Each specialist can produce findings from three runtime sources:

SourceDescription
heuristicDeterministic pattern-matching — no LLM involved
openrouterLLM-generated findings via OpenRouter
hybridBoth heuristic and model findings merged (the default production path)

In hybrid mode, heuristic findings are passed to the model as context ("Heuristic hints from Critique") so it can confirm, refine, or add to them. The lead stage then deduplicates across both sources.


Scout

Scout is the evidence-gathering pre-stage, not an executable specialist.

Focus: Build the EvidencePack from the pull request diff, nearby files, repository guidance, and issue context.

What Scout collects:

  • Changed files and patches (up to 40 files)
  • File contents when needed for deeper analysis
  • Language inference from extensions (.ts/.tsx = TypeScript, .js/.jsx/.mjs/.cjs = JavaScript, etc.)
  • Test file classification (paths containing __tests__/, /test/, /tests/, or ending with .test.*/.spec.*)
  • Config file classification (package.json, tsconfig.json, eslint.config.mjs, .yml/.yaml, .github/)
  • Package root detection from apps/ or packages/ path segments
  • Related test paths by base-name matching
  • Risk tags: auth (auth/session/permission paths), billing (billing/invoice/stripe), api (/api/ paths), automation (.github/ or workflow files)
  • Repository guidance documents: AGENTS.md, CLAUDE.md, .cursorrules, .cursor/rules/review.mdc, .cursor/rules/project.mdc, .github/copilot-instructions.md, docs/architecture.md, README.md
  • Linked issue references from PR title/body (up to 5)

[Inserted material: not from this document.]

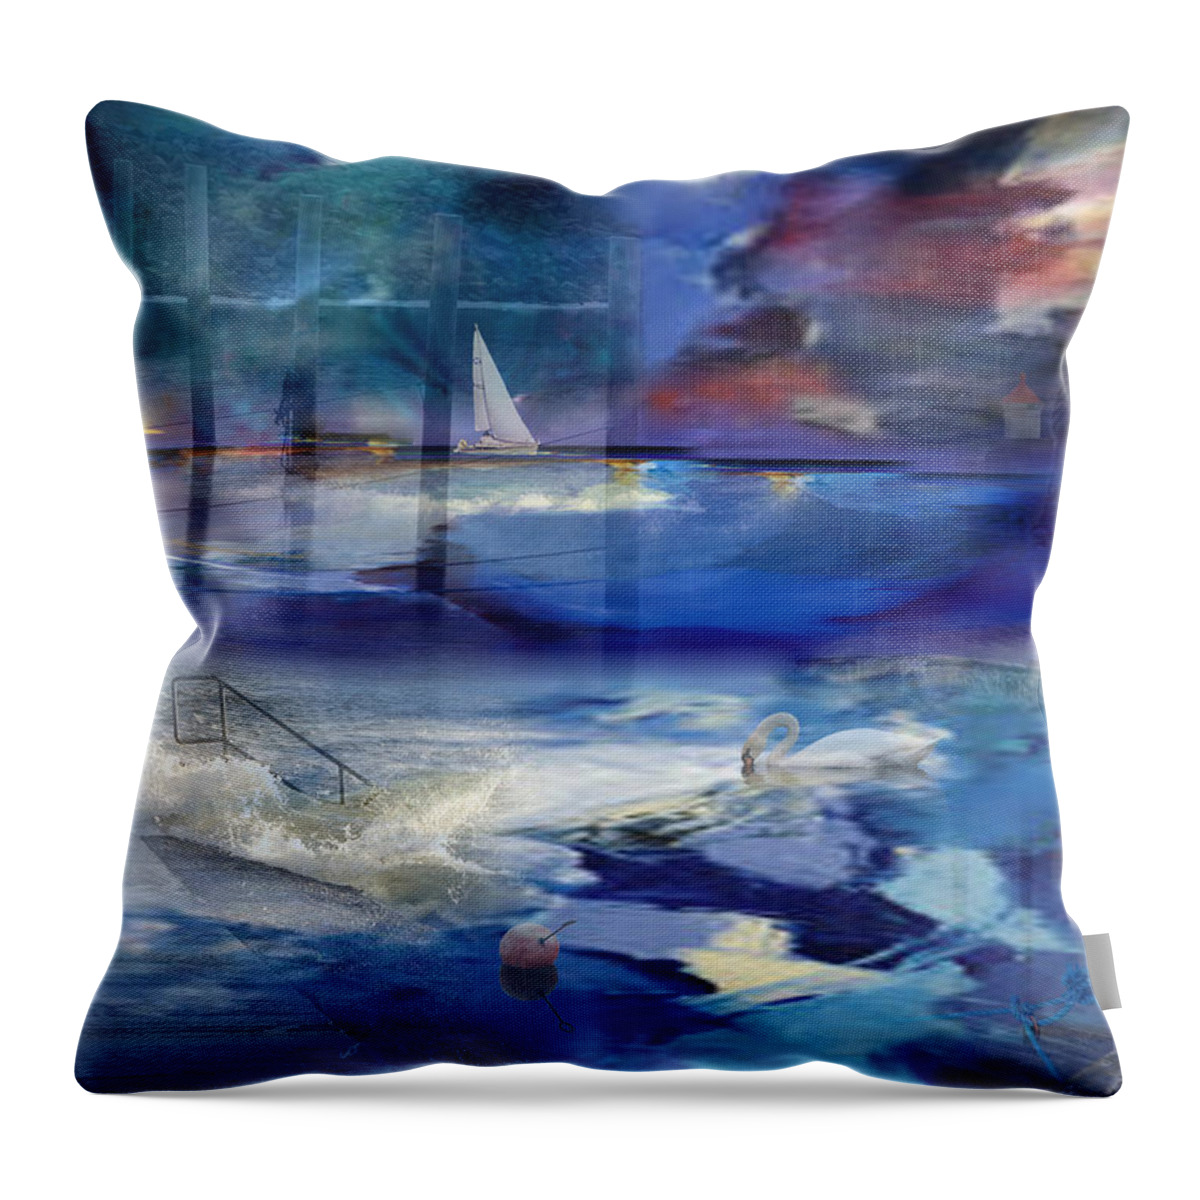 Maritime Throw Pillow featuring the digital art Maritime Fantasy by Randi Grace Nilsberg

No model: Scout is purely deterministic.


Security

Default model: anthropic/claude-sonnet-4.6:nitro

System prompt guidance: Prioritize auth, permissions, injection, secret handling, unsafe code execution, and trust-boundary regressions.

Scope: JS/TS source files (not tests, not config). Files with paths containing auth, billing, or /api/ receive a +40 ranking boost.

Heuristic checks

CheckPatternSeverityConfidenceTitle
dangerouslySetInnerHTMLLiteral string match in sourceWARNING0.88Client HTML injection surface increased
eval / new FunctionRegex \b(eval|new Function)\s*\(FAIL0.96Dynamic code execution detected
Server env in client'use client' + process.env. without NEXT_PUBLICFAIL0.91Server-only env access in client component
High-risk without testsRisk tags include auth or billing but no tests touchedWARNING0.76High-risk code changed without security-oriented test coverage

Tests

Default model: openai/gpt-5.4-mini

System prompt guidance: Prioritize missing coverage, broken test intent, missing assertions, sensitive-path changes without tests, and regressions hidden by weak test movement.

Scope: JS/TS source files (not tests, not config). Test files get +35 ranking boost; files with related test paths get +18.

Heuristic checks

CheckConditionSeverityConfidenceTitle
Source changed, no testsSource files modified but no test files touchedFAIL if risk tags include auth/billing, else WARNING0.79Behavior changed without matching tests
Sensitive file without related testSource file path includes auth or billing and no related test path movedWARNING0.72No directly related test path moved with a sensitive source file

Architecture

Default model: xiaomi/mimo-v2-pro:nitro

System prompt guidance: Prioritize server-client boundary mistakes, module boundary drift, brittle imports, config contract problems, and dangerous coupling.

Scope: JS/TS source files with contents. Config files get +12 ranking boost.

Heuristic checks

CheckPatternSeverityConfidenceTitle
Deep relative importRegex: 3+ levels of ../ in an importWARNING0.69Deep relative import suggests boundary drift
Client imports server module'use client' + imports fs, path, child_process, next/headers, or next/cookiesFAIL0.84Client bundle imports a server-only module

Performance

Default model: openai/gpt-5.4

System prompt guidance: Prioritize waterfalls, blocking loops, dropped concurrency, client fetch regressions, and obviously expensive patterns.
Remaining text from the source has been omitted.